SOURCE MATERIAL ::
[Start of Attachment]

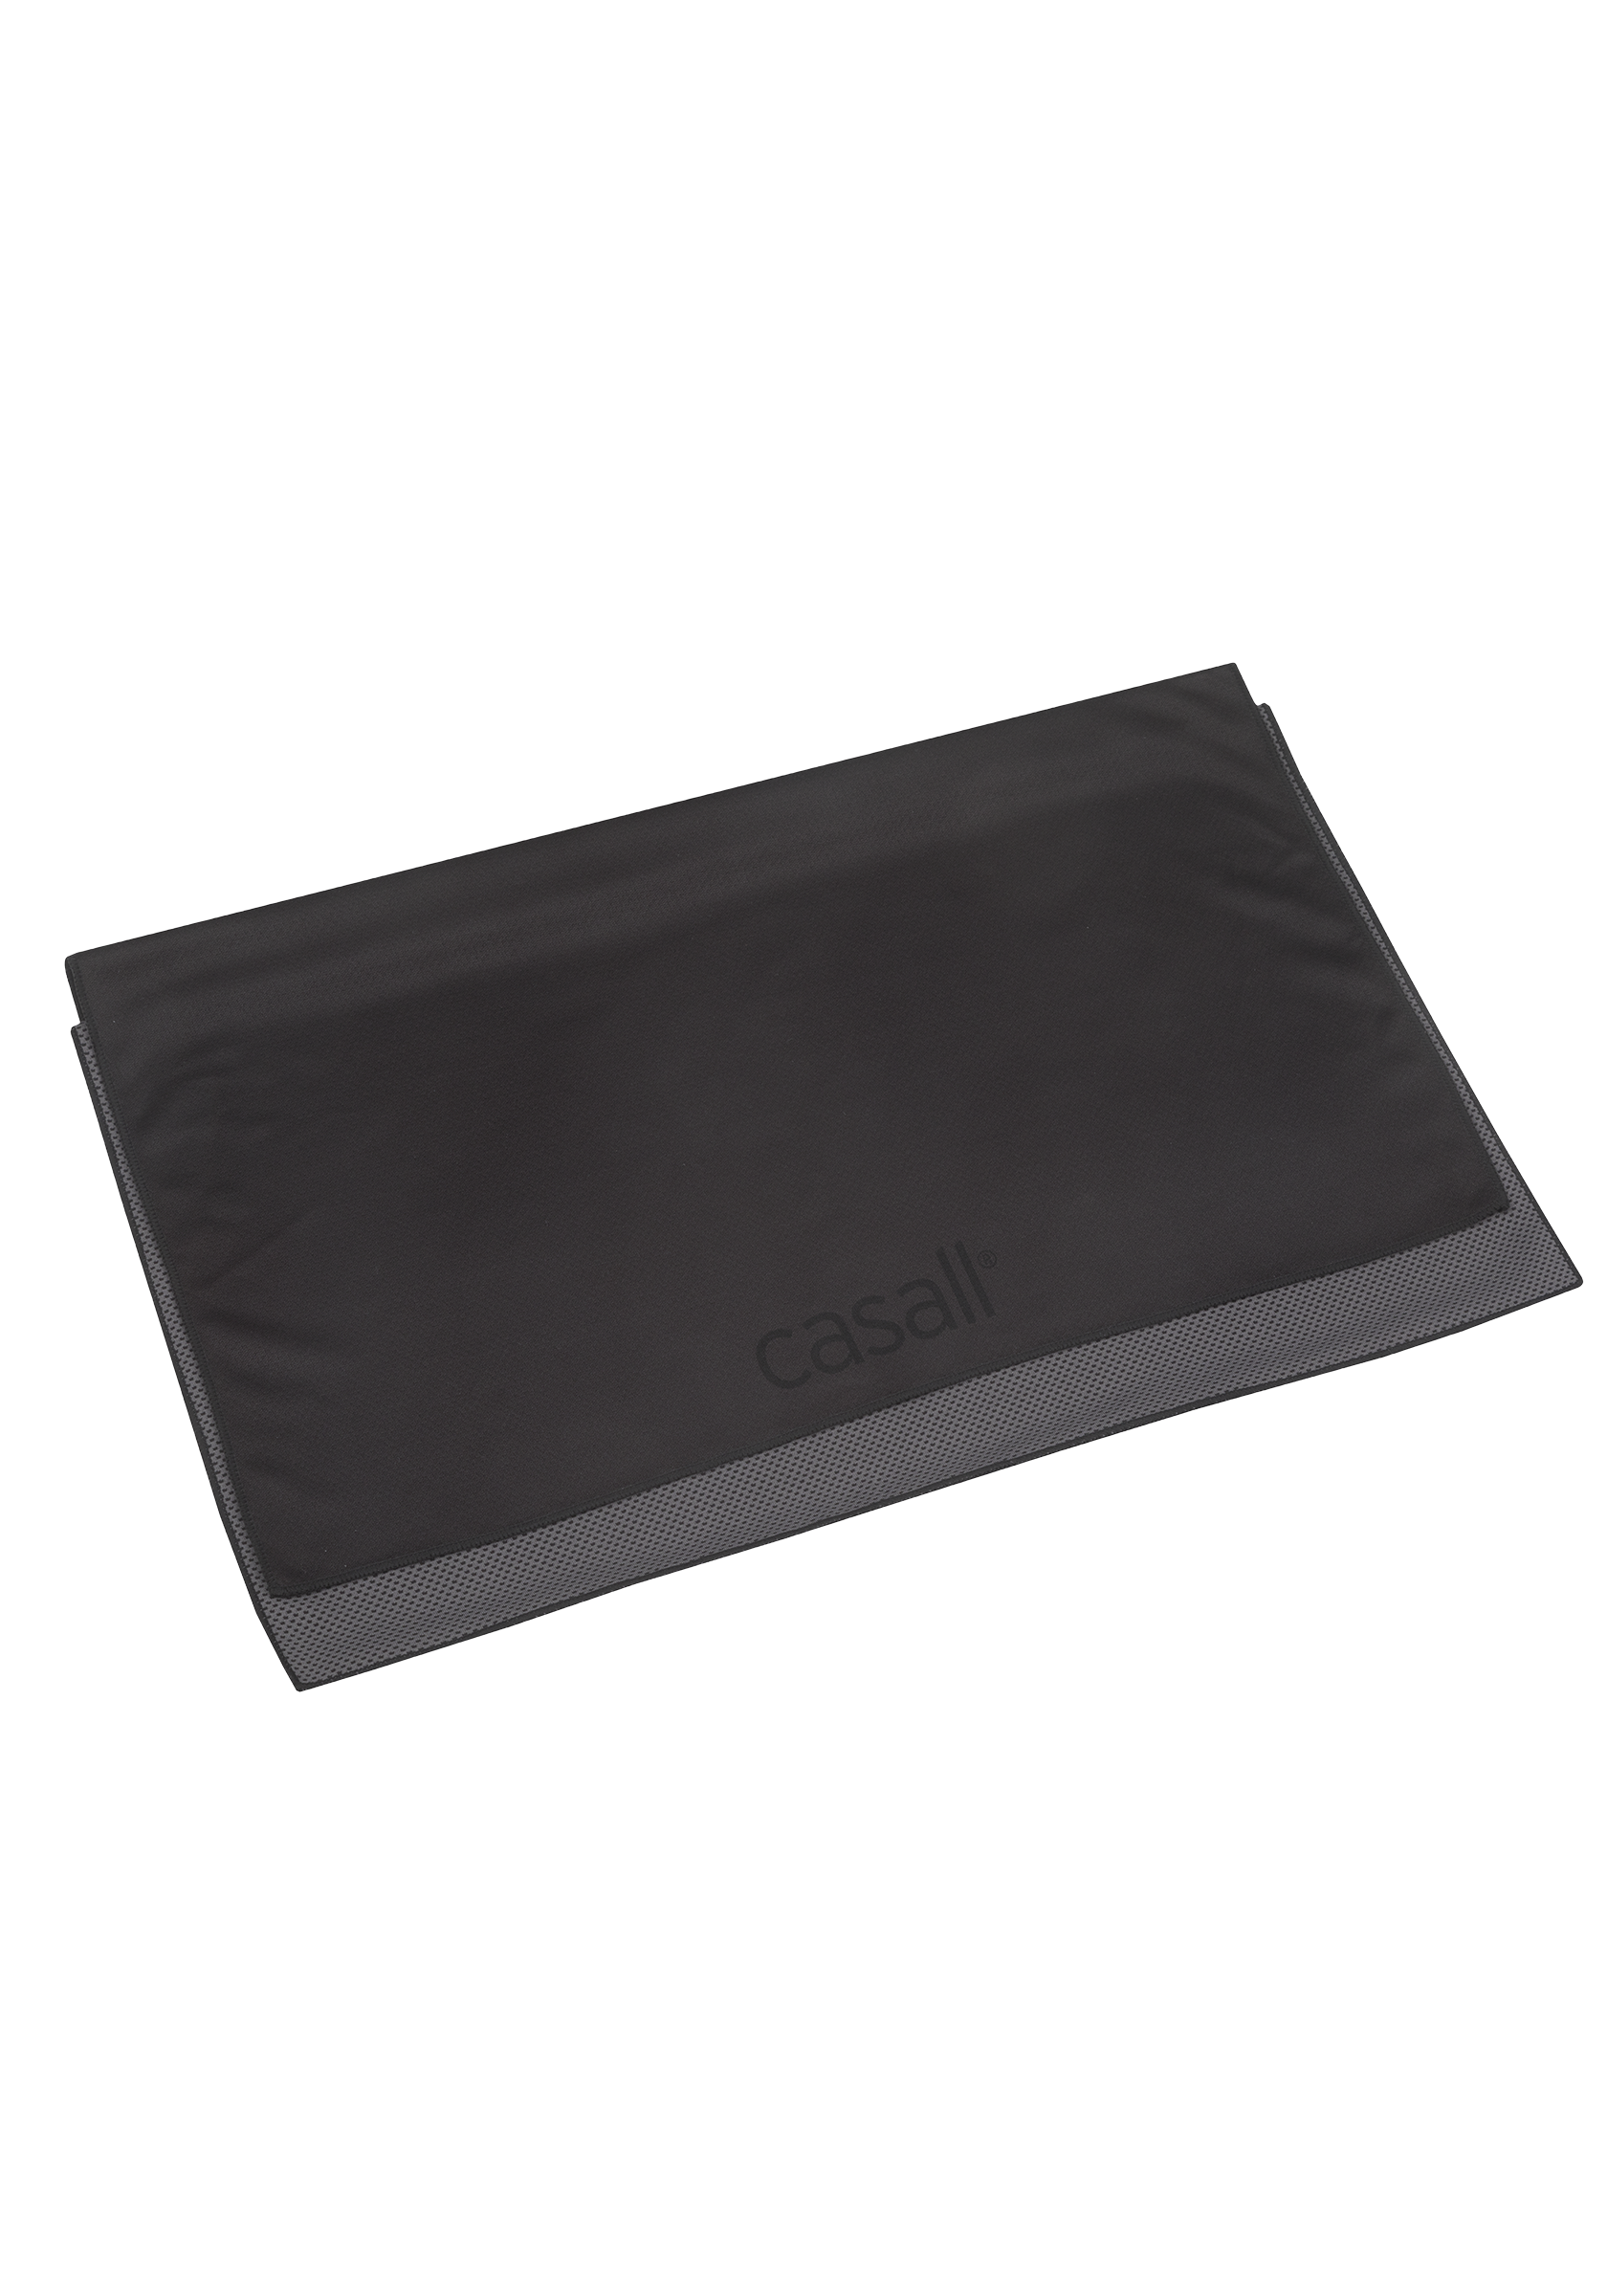 Travel towel 120x70cm – Black/grey
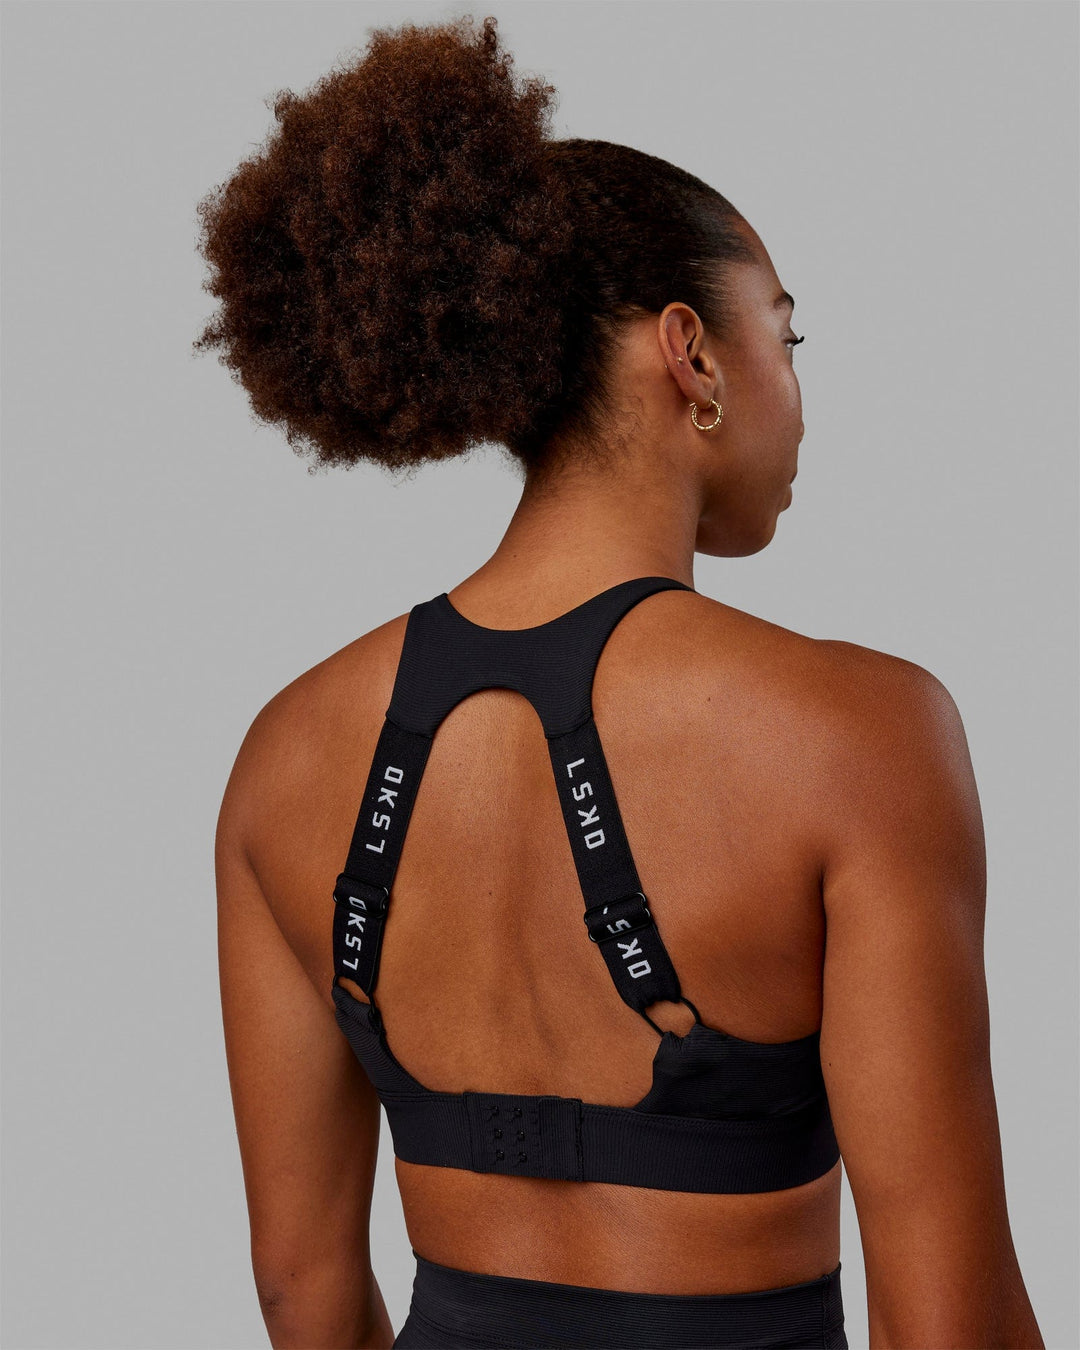 Woman wearing Resistance Ribbed Sports Bra - Black
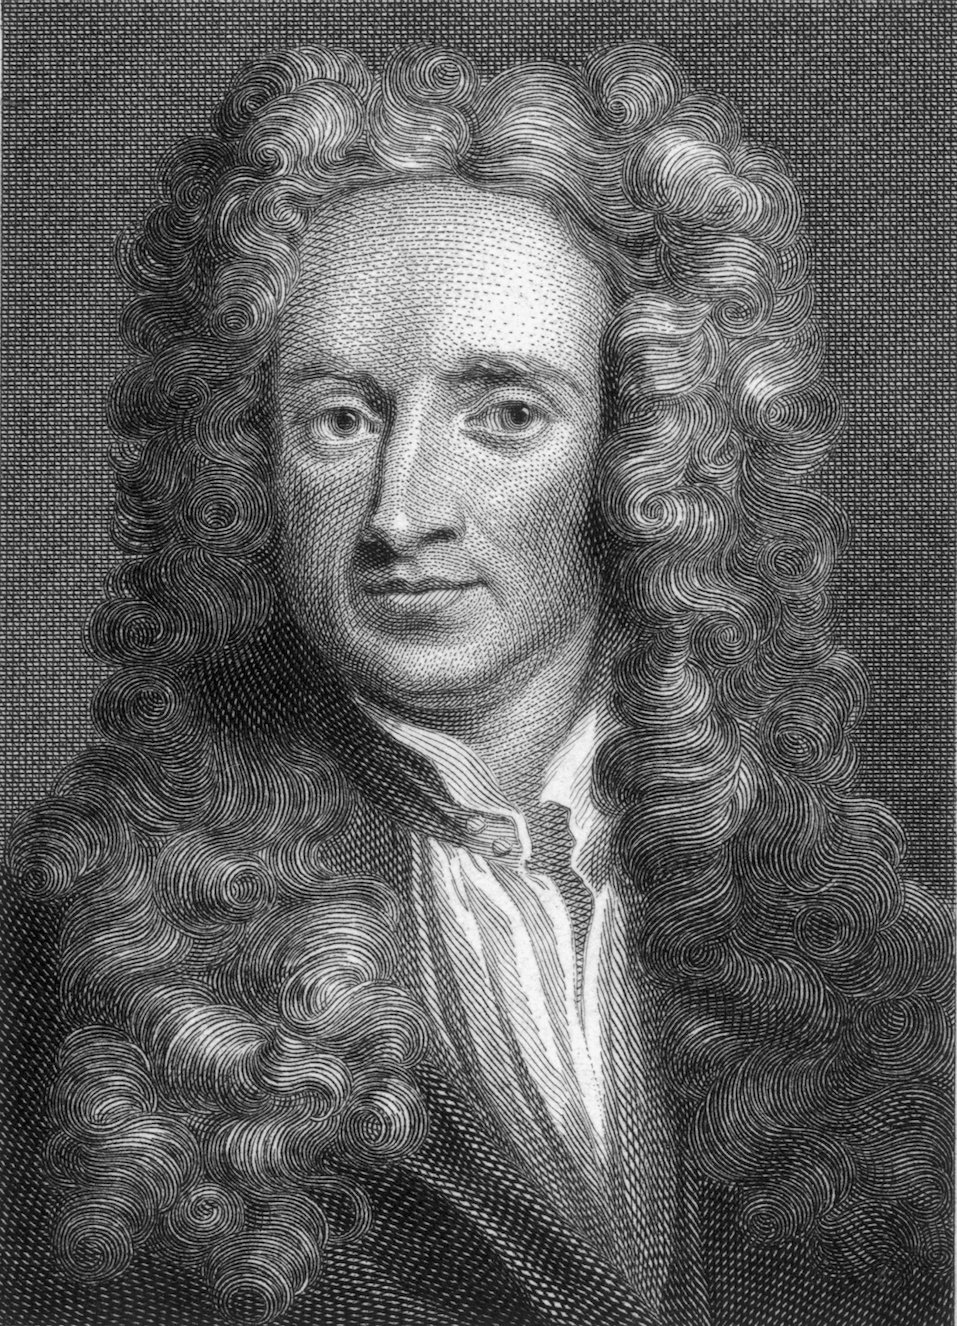 English physicist and mathematician Sir Isaac Newton

[End of Attachment]

WORK INSTRUCTION :: Reproduce the material word for word. Any pictures should be left out of the copy.

EXPECTED ANSWER ::
 Travel towel 120x70cm – Black/grey
 Woman wearing Resistance Ribbed Sports Bra - Black
 English physicist and mathematician Sir Isaac Newton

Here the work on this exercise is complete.